Getty Museum to return Dutch painting looted by Nazis
LOS ANGELES (AP) – The J. Paul Getty Museum has agreed to return a 370-year-old painting that once belonged to an art dealer who fled Holland when the Nazis invaded in 1940.
Jacques Goudstikker was the Netherlands’ biggest art dealer in the 1930s. He was fleeing the Nazis with his wife and young son at the beginning of World War II when he fell through a trap door on an outbound ship and died.
His collection was looted, with some works claimed by Adolf Hitler chief deputy Hermann Goering.
Goudstikker’s daughter-in-law, Marei von Saher, has spent years trying to track down the works. Her successes have been on tour around the country in an exhibition that ends Tuesday in San Francisco and featured 45 recovered pieces from the collection.

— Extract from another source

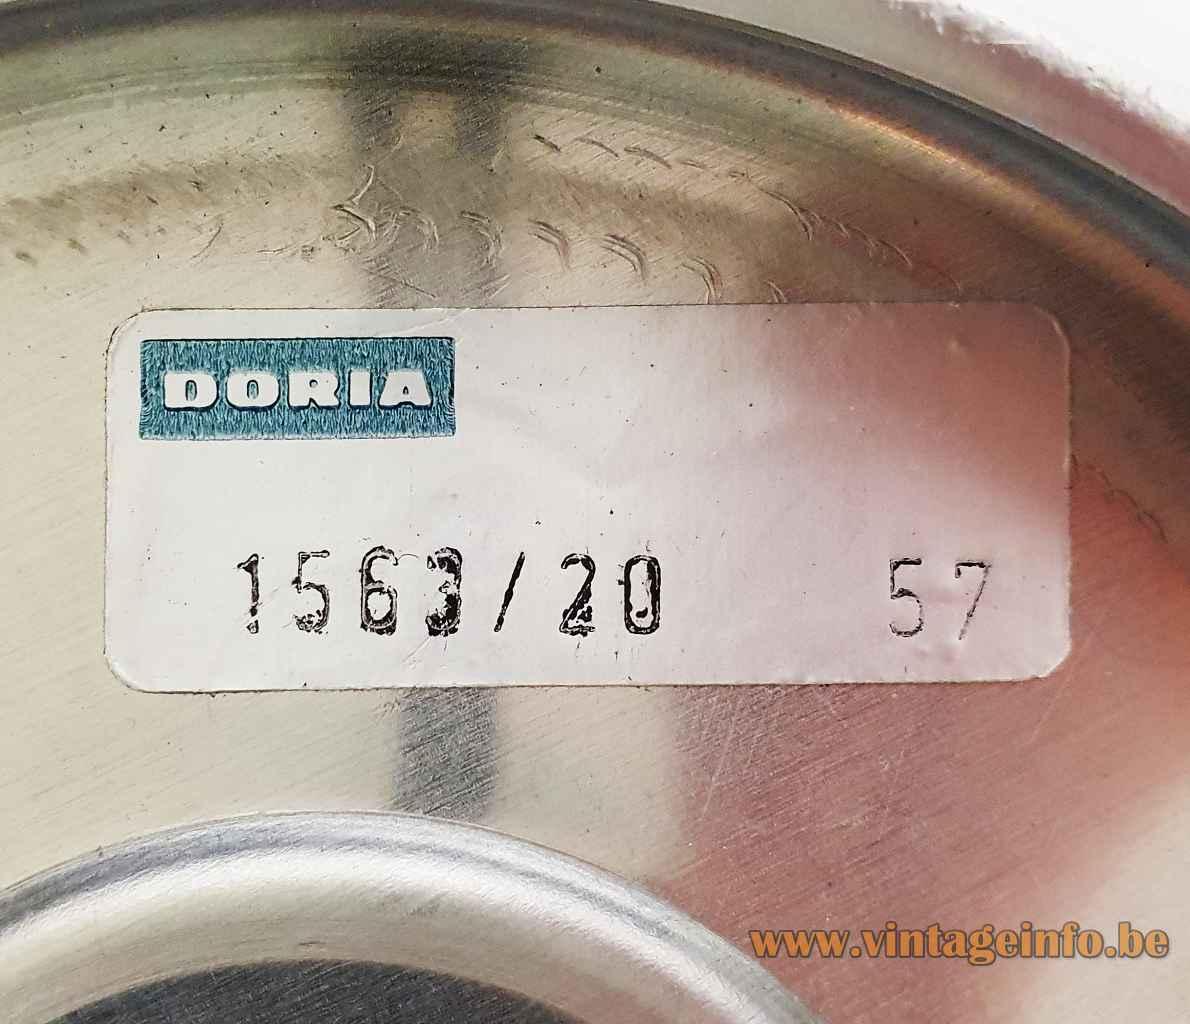 DORIA glass globe table lamp 1563/20 rectangular paper label inside 1970s Germany

The Getty bought the 1640 Pieter Molijn painting titled Landscape With Cottage and Figures in good faith at a 1972 auction, the museum said, according to the Los Angeles Times. The museum did not disclose the purchase price and has never displayed the painting.

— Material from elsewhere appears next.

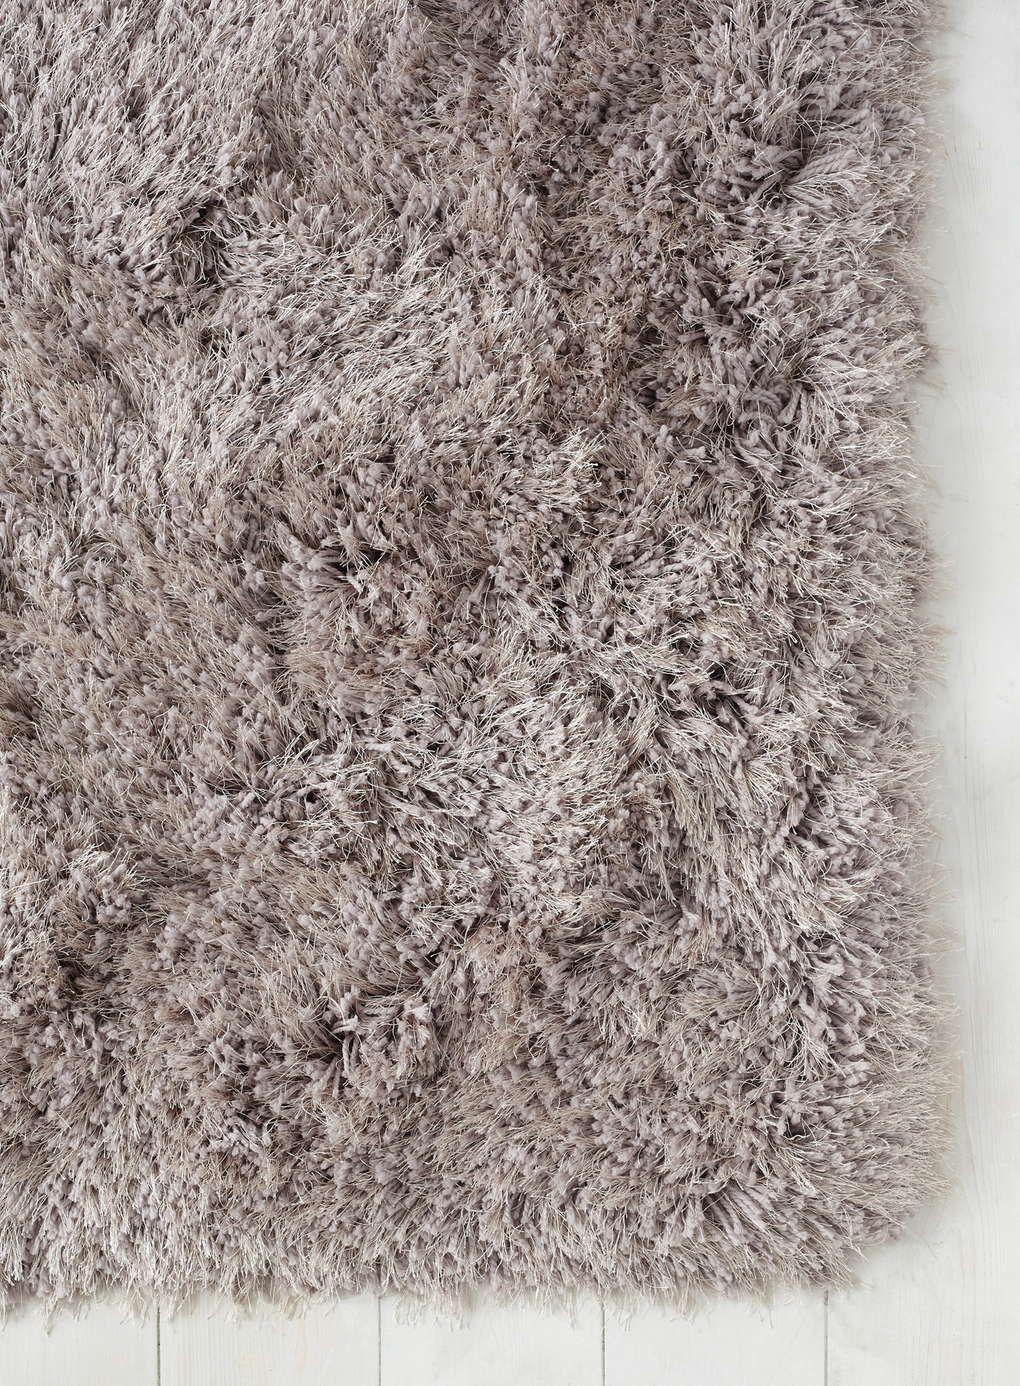 Capri Shaggy Shimmer Rug 100x150 Blush

“Working in cooperation with representatives of the Goudstikker heirs, the Getty’s research revealed that the painting was in Goudstikker’s inventory at the time of the invasion in 1940, and that it was never restituted after World War II,” according to a written statement from the museum. “Based on its findings, the Getty concluded that the painting should be transferred to the heirs.”
At least four other museums in the United States and Canada have works from the collection, and family attorney Lawrence Kaye said he hopes they will follow Getty’s lead. About 1,000 of Goudstikker’s 1,400 paintings remain unaccounted for, he said.